GIVEN MATERIAL Block Start

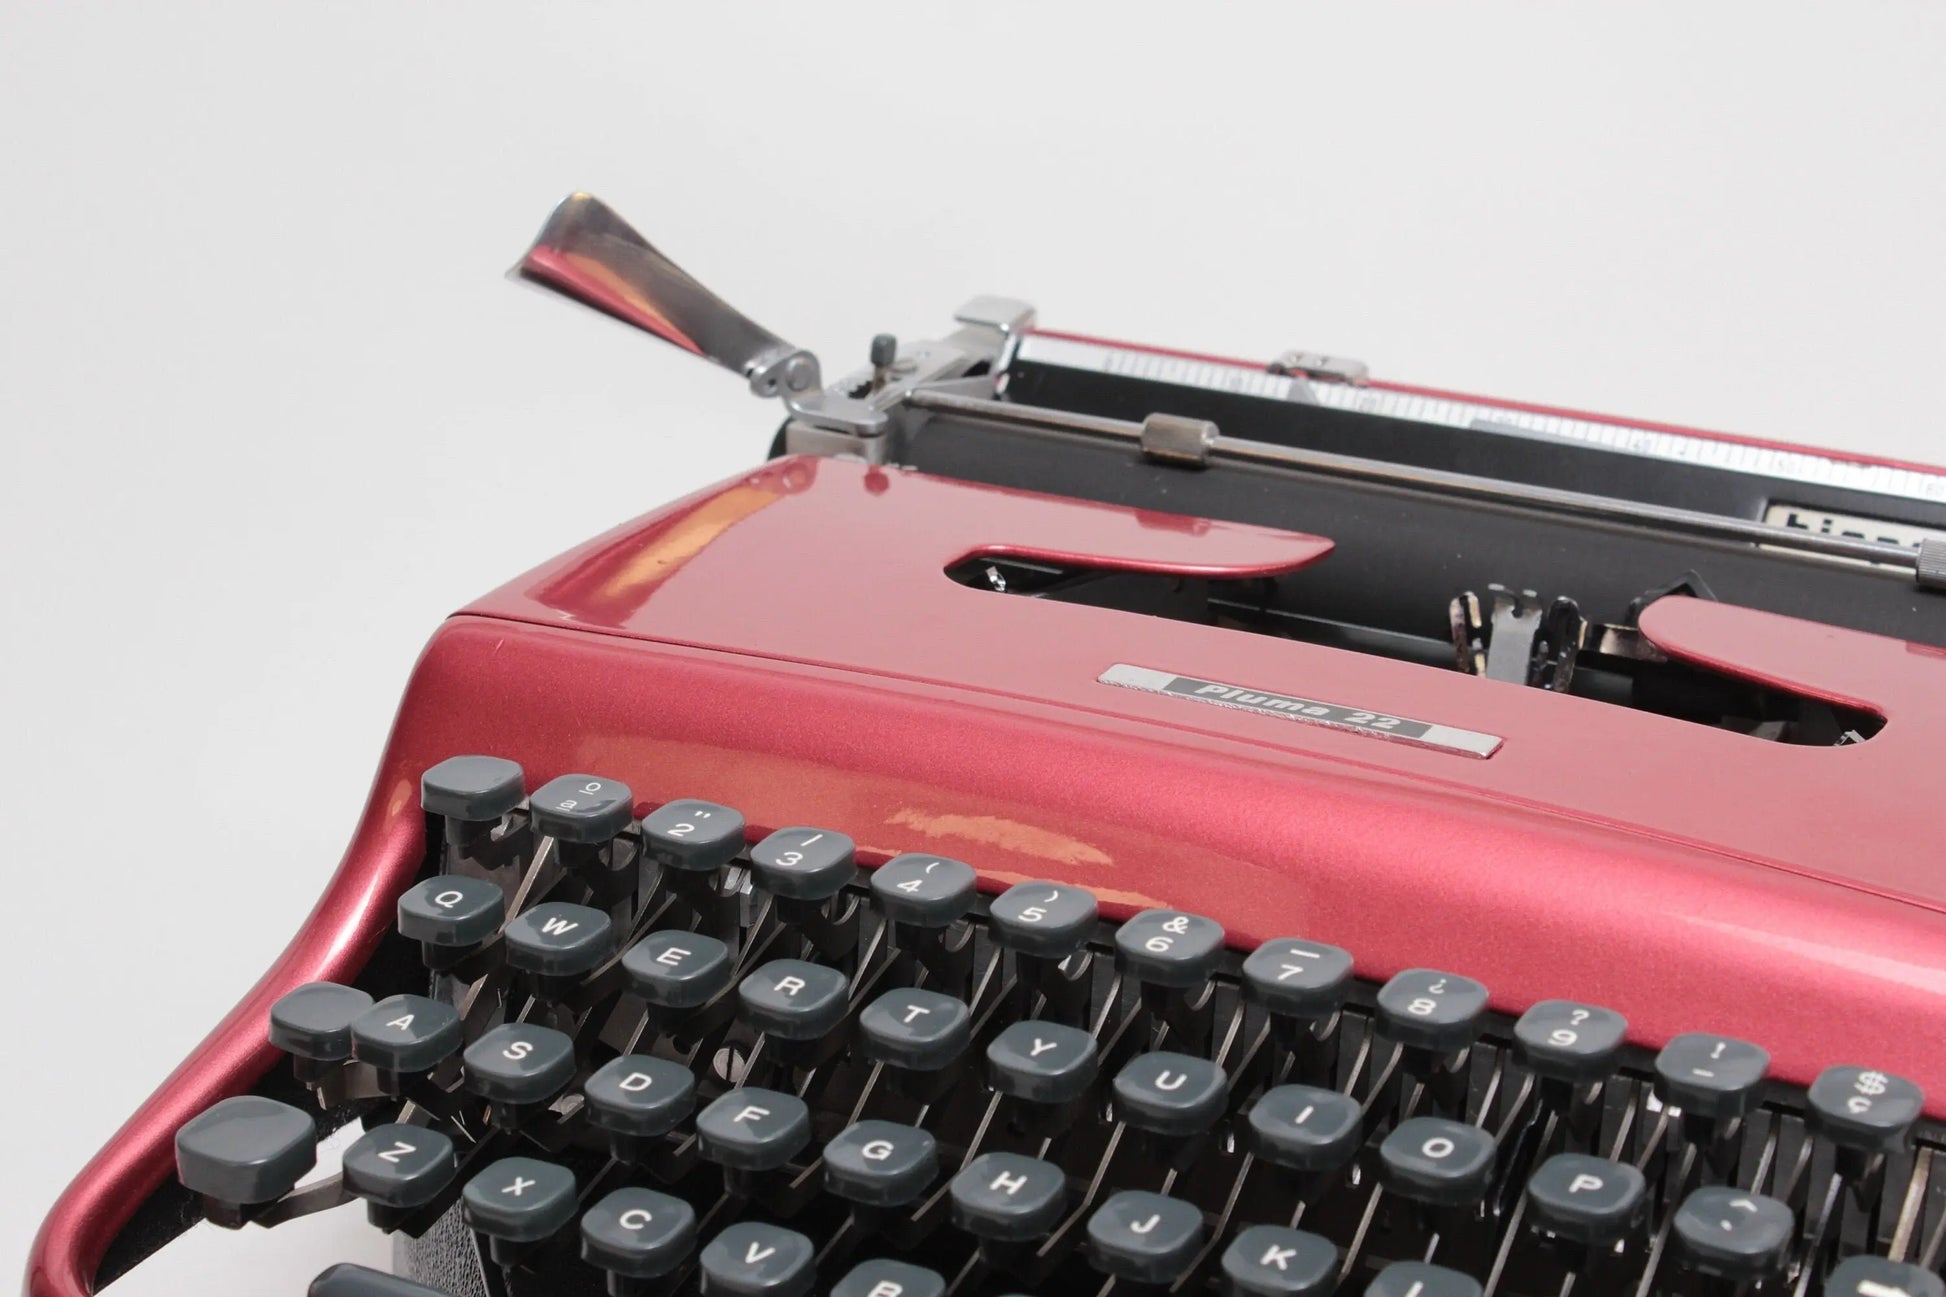 Limited Edition Olivetti Pluma 22 Coral Red Typewriter, Vintage, Manual Portable, Professionally Serviced by Typewriter.Company - ElGranero Typewriter.Company
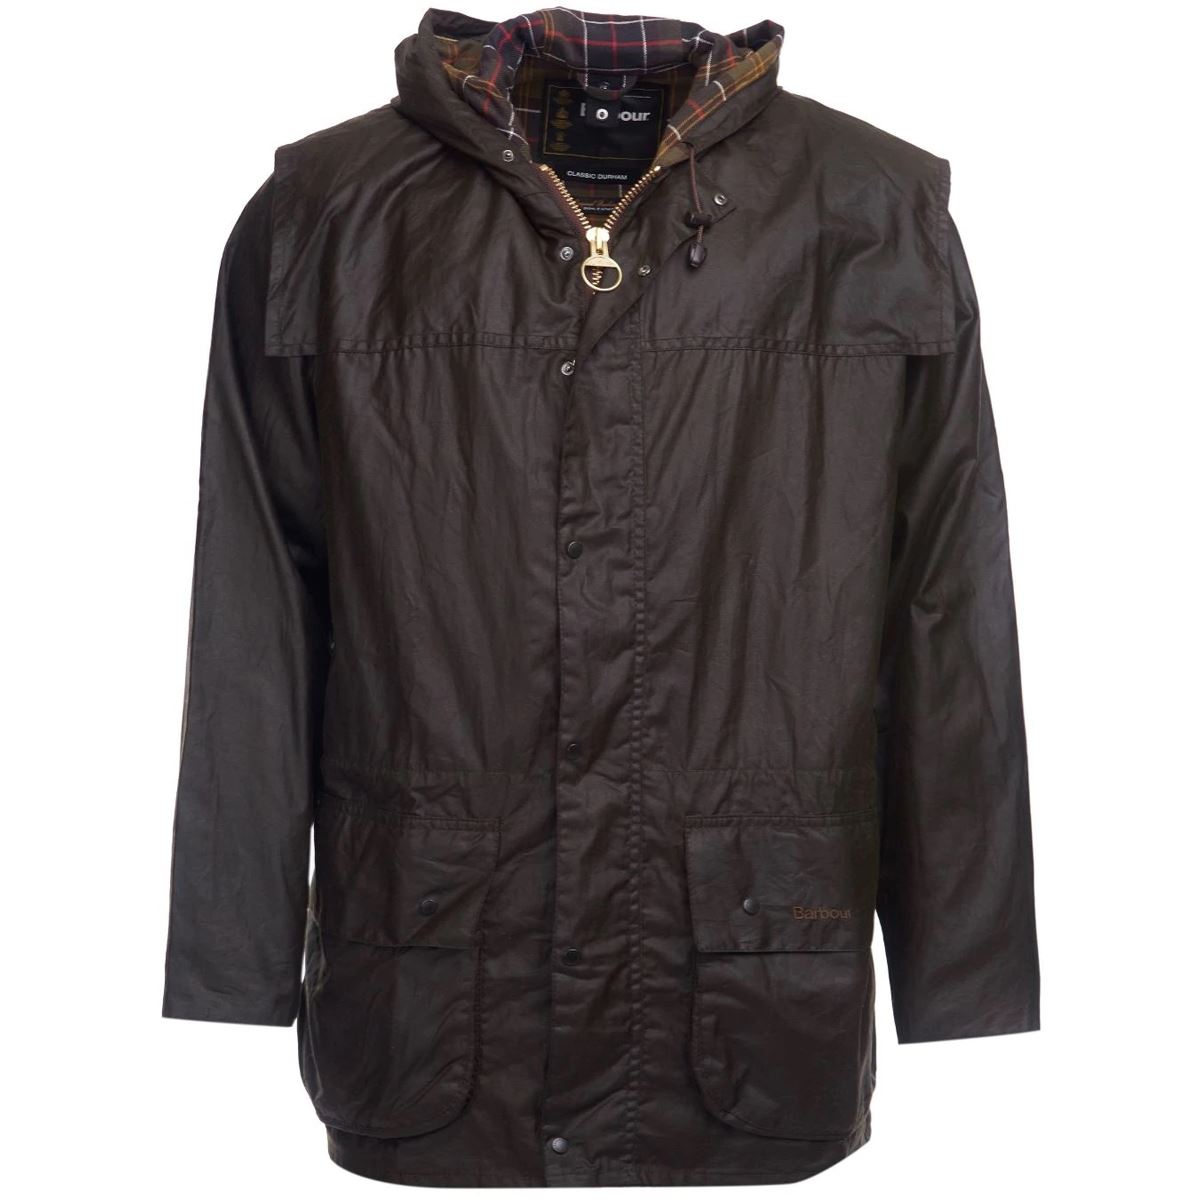 Is the Barbour Durham Jacket appropriate for all seasons?
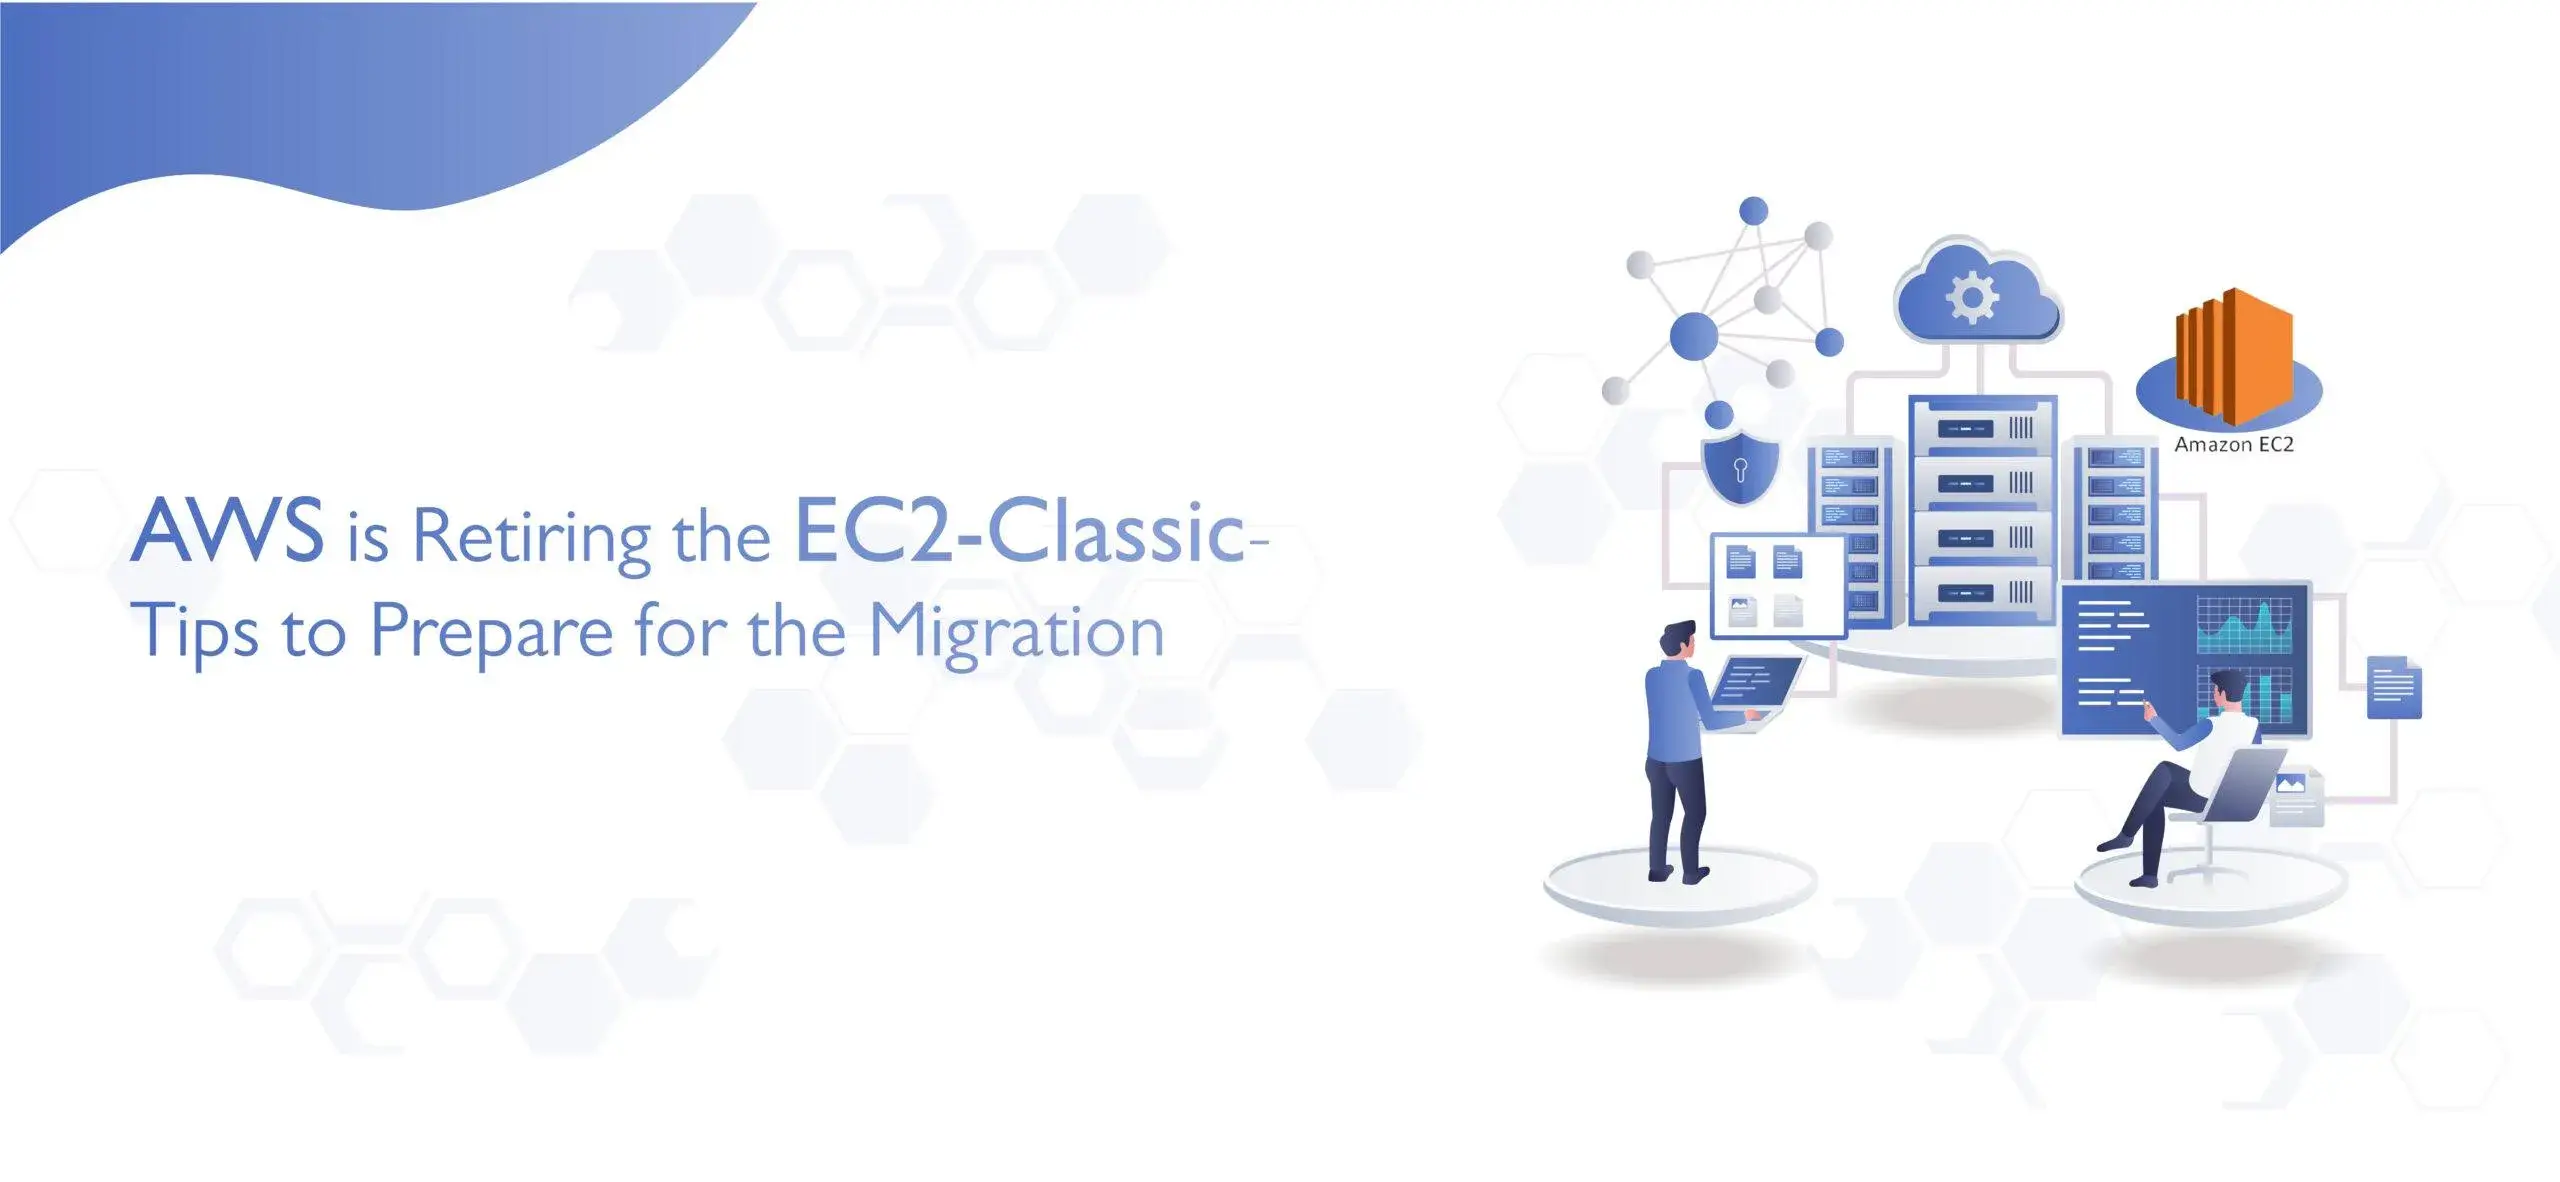 AWS is Retiring the EC2-Classic - Tips to Prepare for the Migration 

GIVEN MATERIAL Block End

_TASK REQUIREMENTS_
Print the material above word for word, first line through the line with "Is the Barbour", and leave every picture out.

_WRITTEN ANSWER_
 Limited Edition Olivetti Pluma 22 Coral Red Typewriter, Vintage, Manual Portable, Professionally Serviced by Typewriter.Company - ElGranero Typewriter.Company
 Is the Barbour Durham Jacket appropriate for all seasons?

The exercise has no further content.